Figure 12.1.Outline of Sources of Error and Bias

12.5Section D examines the sources of errors and bias in the sampling of transactions. The sampling of item prices for XMPIs can be undertaken in three stages: the sampling and selection of products to be priced, the sampling of establishments producing the selected products, and the subsequent sampling of items produced (or purchased) by those establishments. Bias may arise if the products, establishments, or items selected exhibit, on average, unusual price changes. Such bias may be due to omissions in the sampling frame or a biased selection from the frame.

12.6 However, sampling error, as discussed above and in Chapter 6, can arise even if the selection is random—from an unbiased sampling frame. Sampling error will increase as the sample size decreases and as the variance of prices increases. Sampling error arises simply because estimated XMPIs are based on samples, as opposed to a complete enumeration of the populations involved. Probabilistic estimates of sampling error can be undertaken. The errors and biases discussed in Section D are for the sample on initiation.

12.7Section E is concerned with what happens to sampling errors and bias in subsequent matched price comparisons. Once the samples of products, establishments, and their items have been selected, they will become increasingly out of date, unrepresentative, and quite possibly biased, as time progresses. The extent and nature of any such bias will vary from industry to industry. The effect of these dynamic changes in the universe of products, establishments, and the items produced on the static, fixed sample is the subject of Section E. Sample rotation will act to refresh the sample of items, while rebasing may serve to initiate a new sample of items, products, and establishments. Following rebasing, establishments will close, and items will no longer be produced, on a temporary or permanent basis. Sample augmentation and replacement attempt to forestall some of the degradation of the sample of products and establishments, although replacement occurs only when an establishment is missing. Sample augmentation tries to bring into the sample new major products and establishments. It is a more complicated process because the weighting structure of the industry or index has to be changed (Chapter 9). When item prices are missing, the sampling of items may become unrepresentative. Imputations can be used, but they do nothing to replace the sample. In fact, they lower the effective sample size, thereby increasing sampling error. Alternatively, comparable replacement items or replacements with appropriate quality adjustments may be introduced. As for new goods providing a substantively different service, the aforementioned difficulties of including new establishments extend to new goods, which are often neglected until rebasing. Even then, their inclusion is quite problematic (Chapter 9).

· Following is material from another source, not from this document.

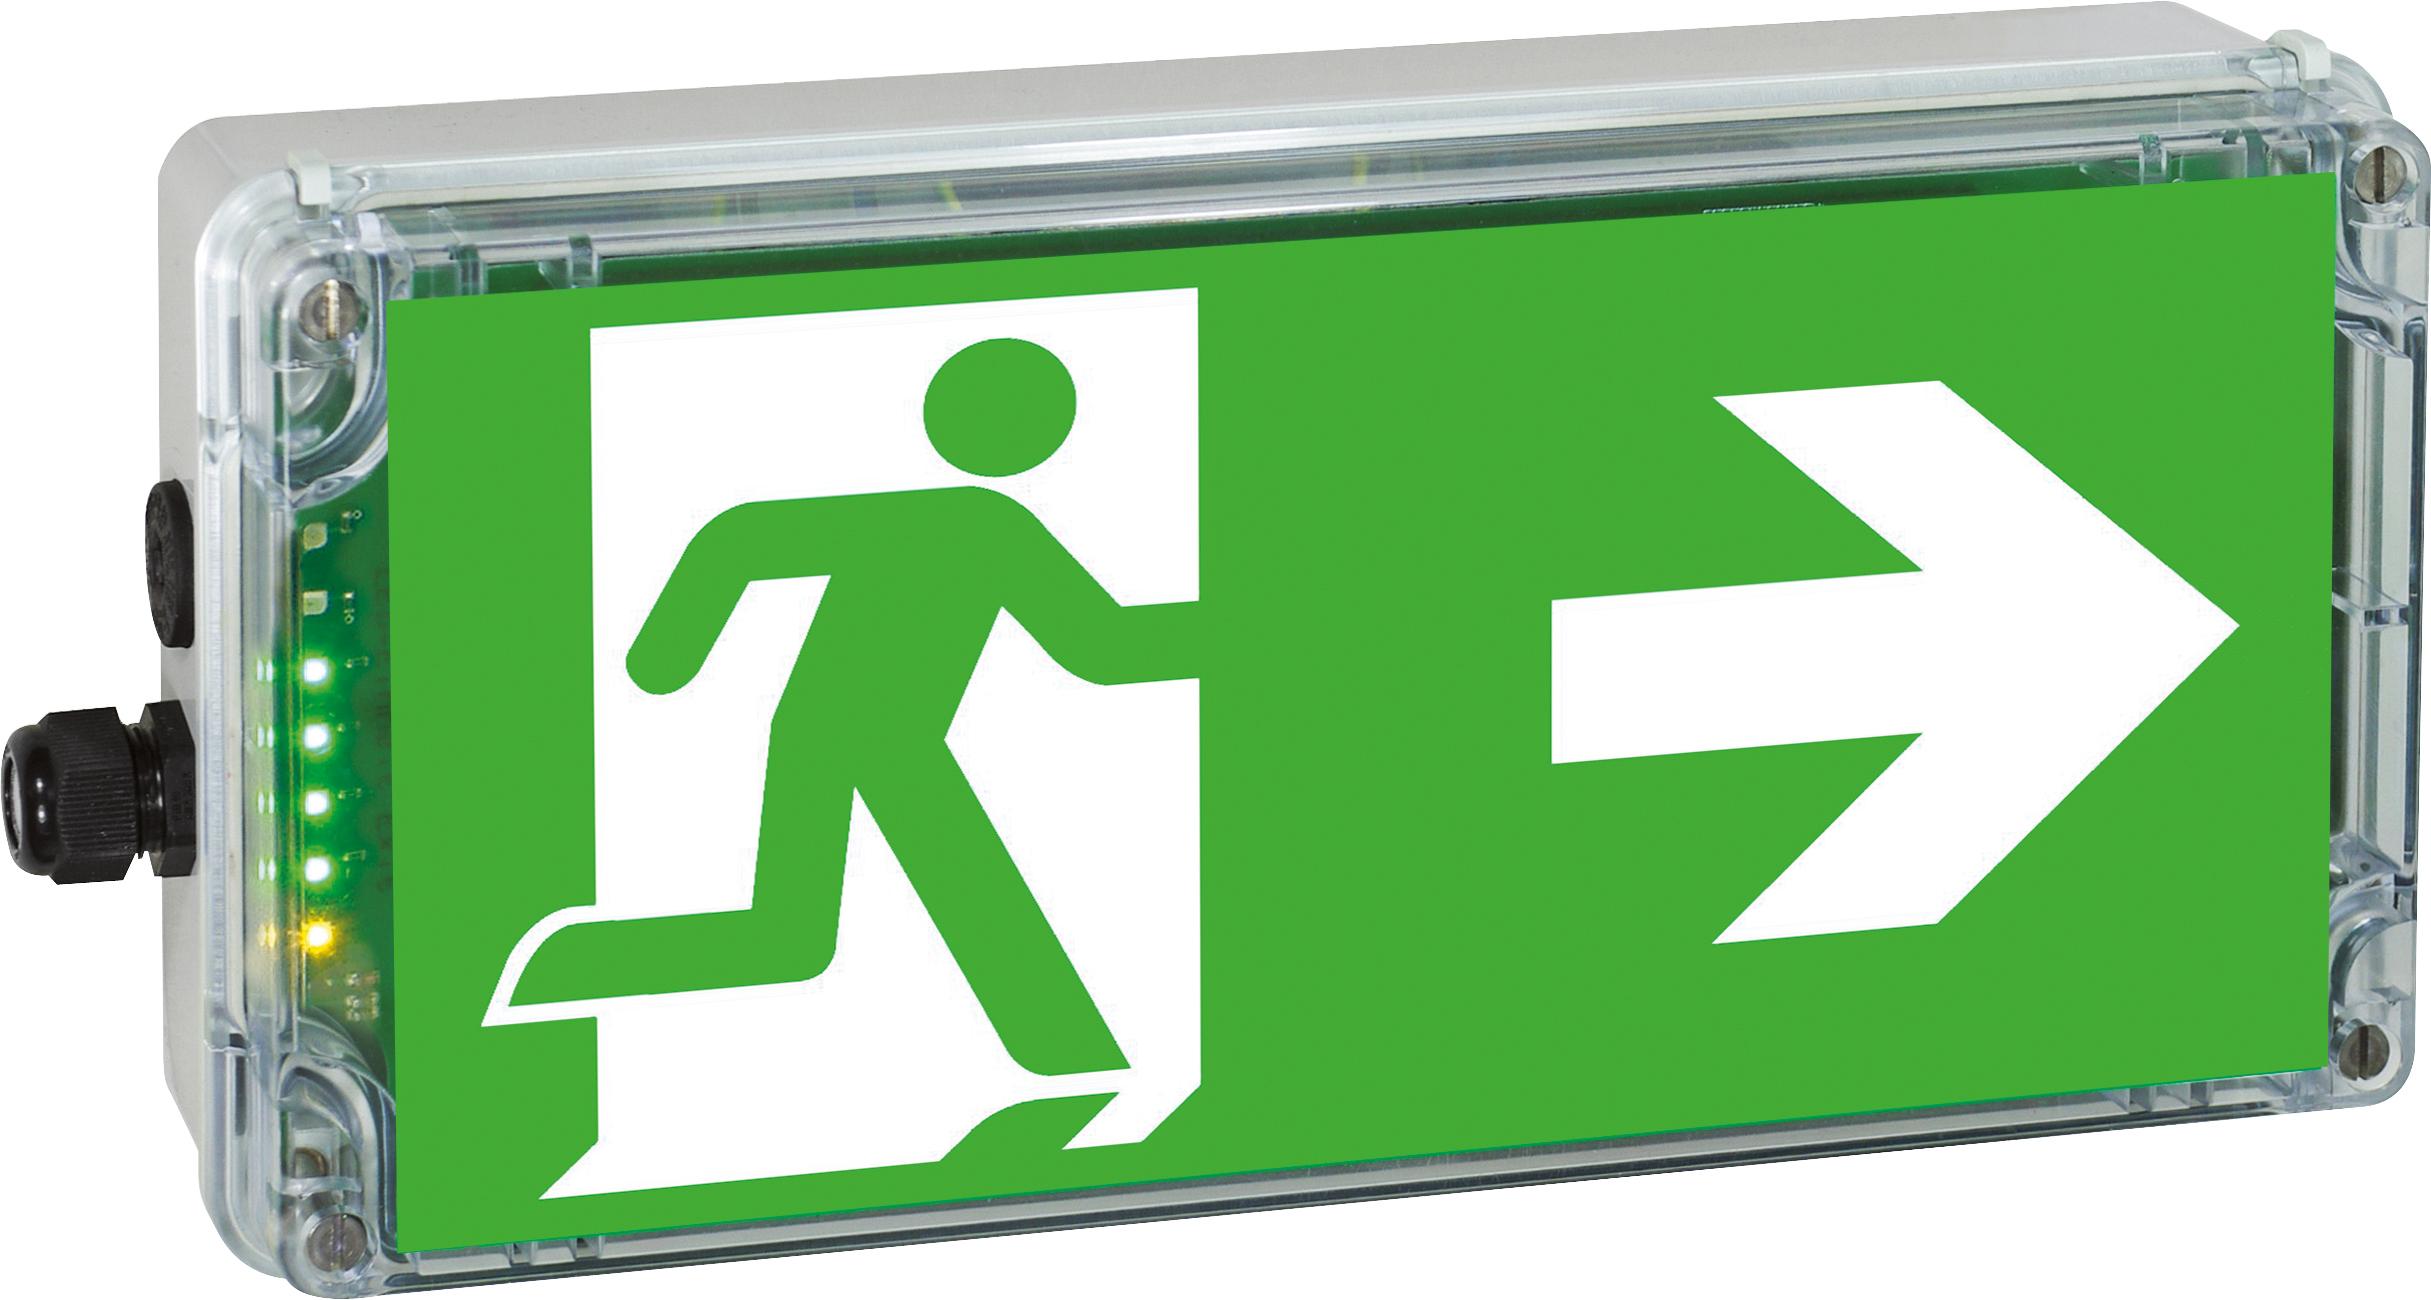 Ex-Notleuchte EXIT 2 N Zone 2/22 LED 3h 230V AC,Pfeil rechts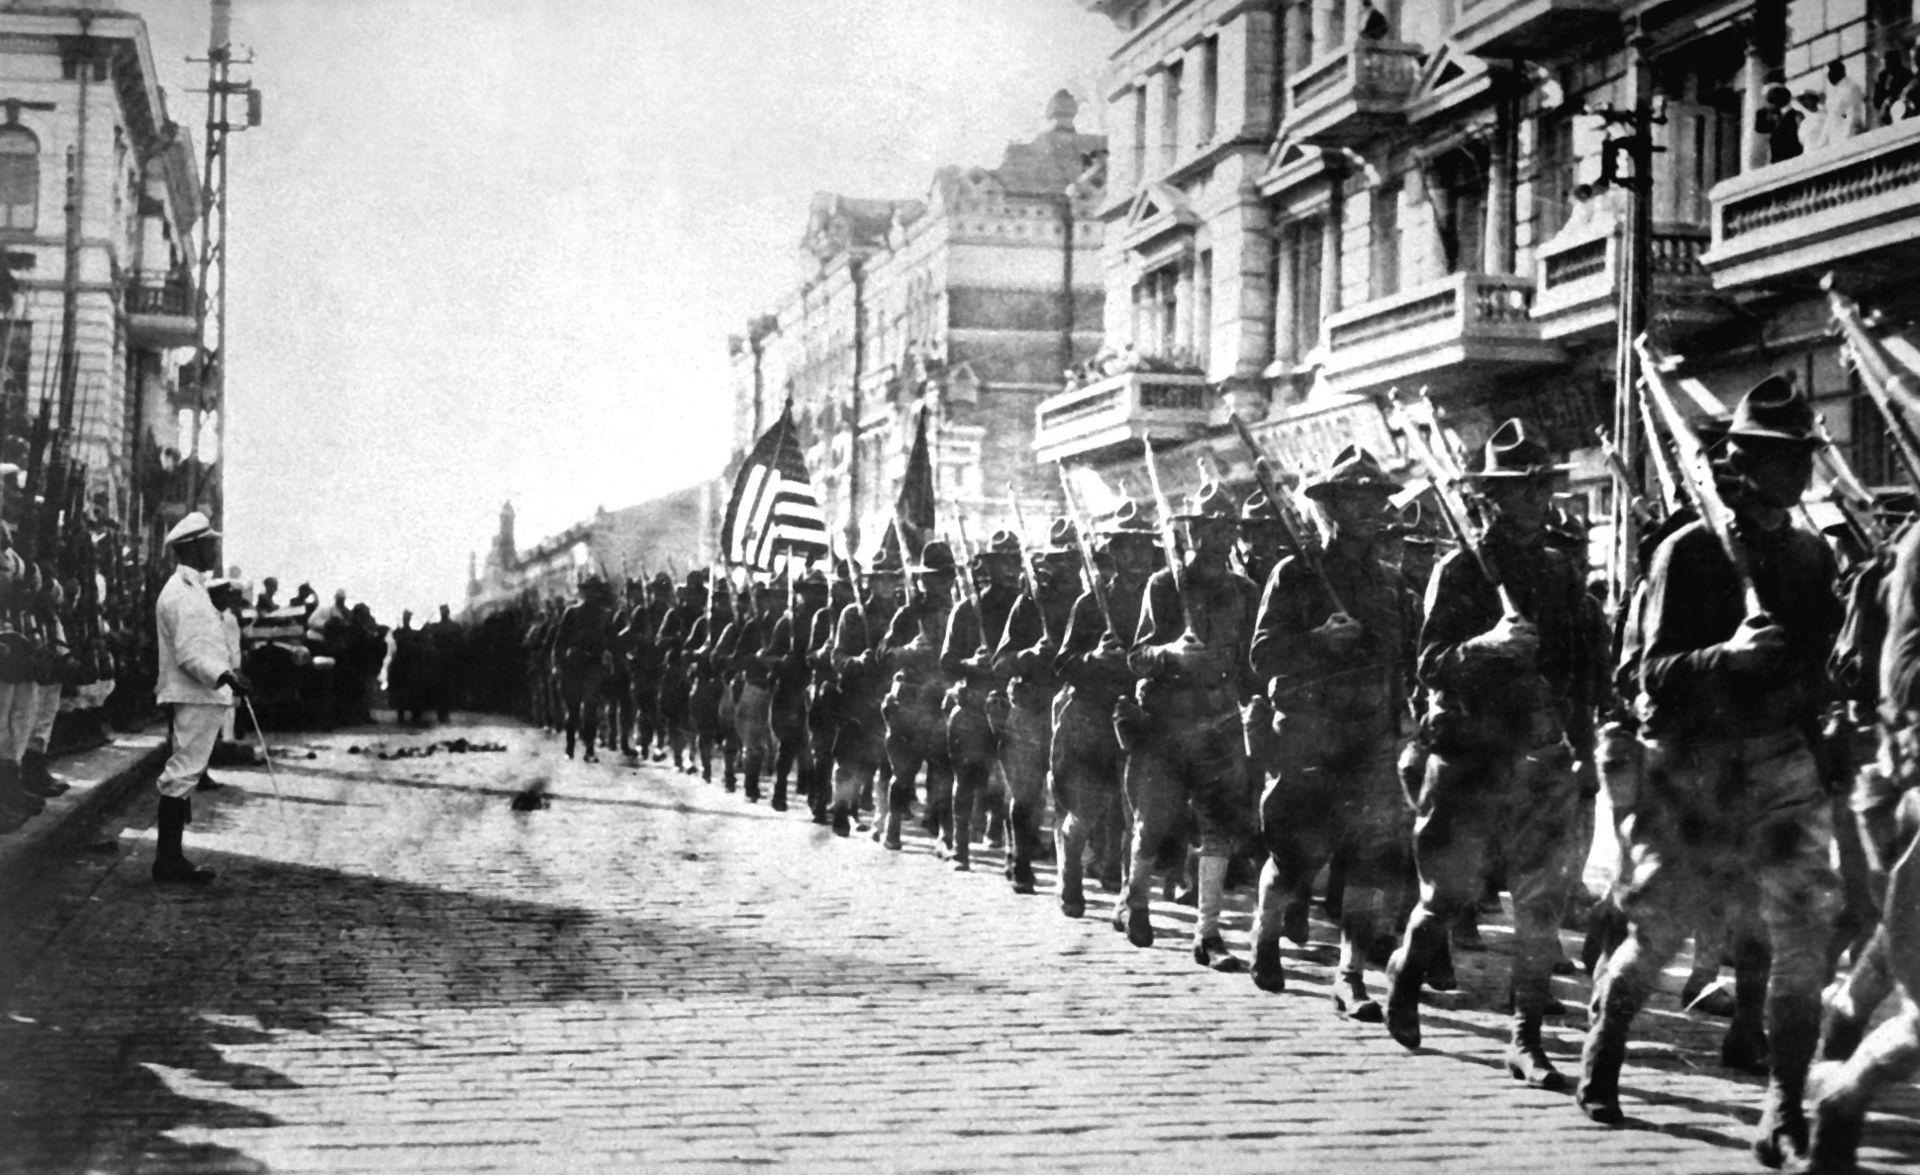 american_troops_in_vladivostok_1918_hd-sn-99-02013-jpeg

12.8 The discussion above has been concerned with how missing establishments and items may bias or increase the error in sampling. But the normal price collection procedure based on the matched-models method may have errors and bias as a result of the prices collected and recorded being different from those transacted. Such response errors and biases, along with those arising from the methods of treating temporarily and permanently missing items and goods, are outlined in Section F as errors and bias in price measurement. Section F is concerned with deficiencies in methods of replacing missing establishments and items so that the matched-models method can continue, while Section E is concerned with the effect of such missing establishments and items on the efficacy of the sampling procedure.

12.9 The final types of bias, outlined in Section G, are formula and substitution bias. Different formulas, as shown in Chapters 16 through 18, have different axiomatic properties and formulas that do not meet some of these desirable properties can be considered to be biased. For example, if a formula, when measuring price changes between periods 0 and t, has the property that it will exceed unity when the prices are unchanged between these two periods, then it can be deemed to be biased upwards. Formulas can also be shown to be “exact” if they replicate different behavioral assumptions. For example, producers may substitute production (purchases) toward (away from) items whose price changes are above average. A Laspeyres fixed-weight formula would not be exact because it requires that the basket be held fixed in period 0–Leontief preferences. At the higher level of aggregation, where weights are used, substitution effects are shown to be included in superlative formulas but excluded in the traditional Laspeyres formula (Chapter 16). Similar considerations are discussed in Chapter 21 for the lower level. Whether it is desirable to include such effects depends on the concepts of the index adopted. A pure fixed-base period concept would exclude such effects, while an economic cost-of-living approach (Chapters 18 and 20) would include them. The concepts in Figure 12.1 can be used to address definitional issues such as coverage, valuation, and sampling as well as price measurement issues such as quality adjustment and the inclusion of new goods and establishments.

12.10 It is worthwhile to list the main sources of errors and bias:

  • (1) Inappropriate coverage and valuation (Sections C and I);

  • (2) Sampling error and bias, including

    • (a) Sample design on initiation (Section D), and

    • (b) Effect of missing items and establishments on sampling error (Section E);

  • (3) Matched price measurement (Sections F and H), including

    • (a) Response error/bias,

    • (b) Quality adjustment bias,

    • (c) New goods bias, and

    • (d) New establishments bias; and

  • (4) Substitution bias and formula bias (Sections G and H), including

    • (a) Upper-level item and establishment substitution,

    • (b) Lower-level item and establishment substitution, and

    • (c) Formula bias.

12.11 It is not possible to judge which sources are the most serious. In some countries and industries, the increasing differentiation of items and rate of technological change make it difficult to maintain a sizable, representative matched sample, and issues of quality adjustment and the use of chained or hedonic indices might be appropriate. In other countries, a limited coverage of economic sectors in which the XMPI is used might be the major concern. Inadequacies in the sampling frame of establishments might also be a concern.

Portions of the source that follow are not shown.